How do you graph f(x)=(x^2-16)/(x^2-6x+8) using holes, vertical and horizontal asymptotes, x and y intercepts?

Feb 28, 2018

First, factor:

$y = \frac{\left(x + 4\right) \left(x - 4\right)}{\left(x - 4\right) \left(x - 2\right)}$

As you can see, there is $x - 4$ in both the numerator and denominator, so there is a hole at $x = 4$

To find the vertical asymptote, set the simplest form of the denominator equal to zero:

$y = \frac{\left(x + 4\right) \cancel{\left(x - 4\right)}}{\cancel{\left(x - 4\right)} \left(x - 2\right)}$

So set $x - 2$ equal to zero:

$x - 2 = 0 \implies$

$x = 2$

To find a horizontal asymptote, find the degree the polynomials are. Let's say $f \left(x\right) = \frac{{x}^{a}}{{x}^{b}}$

If $a > b$, there are no horizontal asymptotes.
If $a = b$, $\frac{a}{b}$ is the horizontal asymptote.
If $a < b$, $y = 0$ is the horizontal asymptote.
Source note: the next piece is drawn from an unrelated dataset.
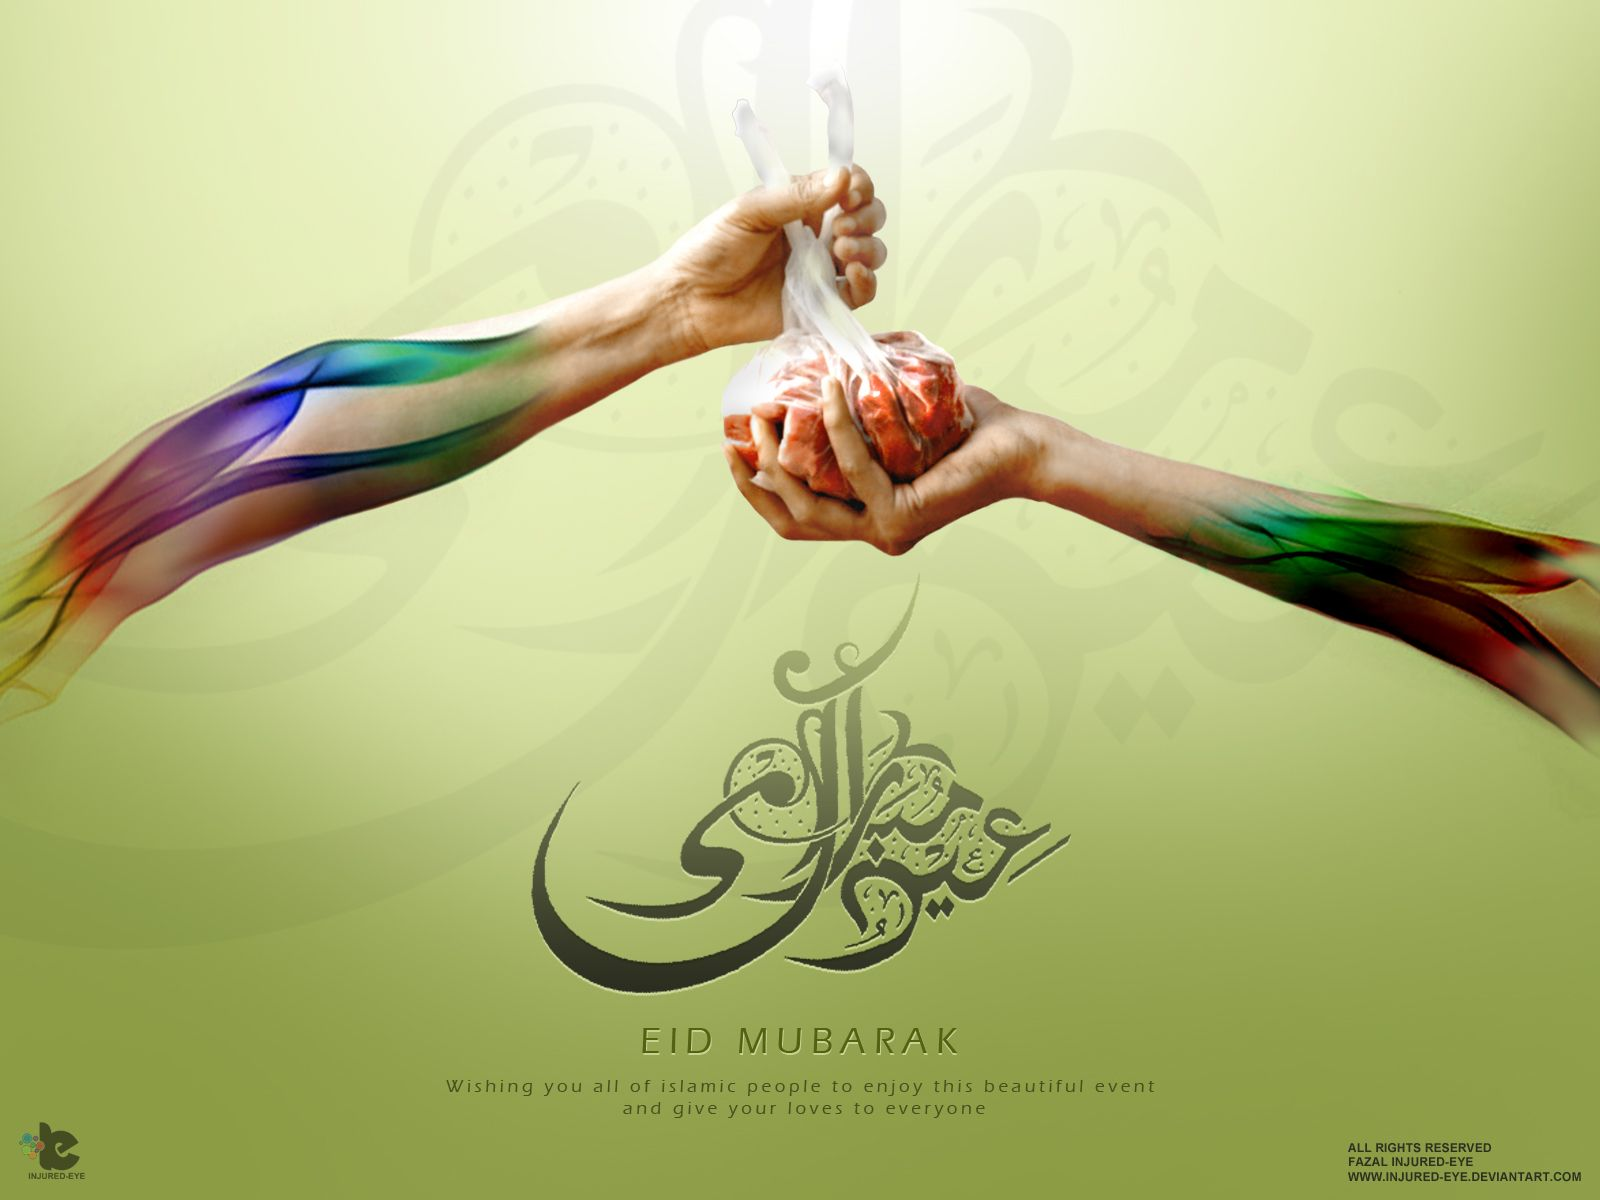 Wonderful Hijri Eid Al-Fitr Greeting - fda332089edf7c8a7a7f0256a60181d9  Best Photo Reference_656012 .jpg

Here, the degrees are the same so $\frac{1}{1}$ is our horizontal asymptote
($y = 1$).

To find the x-intercept, plug in $y = 0$:

$\frac{x + 4}{x - 2} = 0$

$x = - 4$

The x-intercept is at $\left(- 4 , 0\right)$

To find the y-intercept, plug in $x = 0$

$\frac{0 + 4}{0 - 2} = y$

$y = - 2$

The y-intercept is at $\left(0 , - 2\right)$

Graph it:

graph{(x^2-16)/(x^2-6x+8) [-15.26, 17.28, -6.31, 9.96]}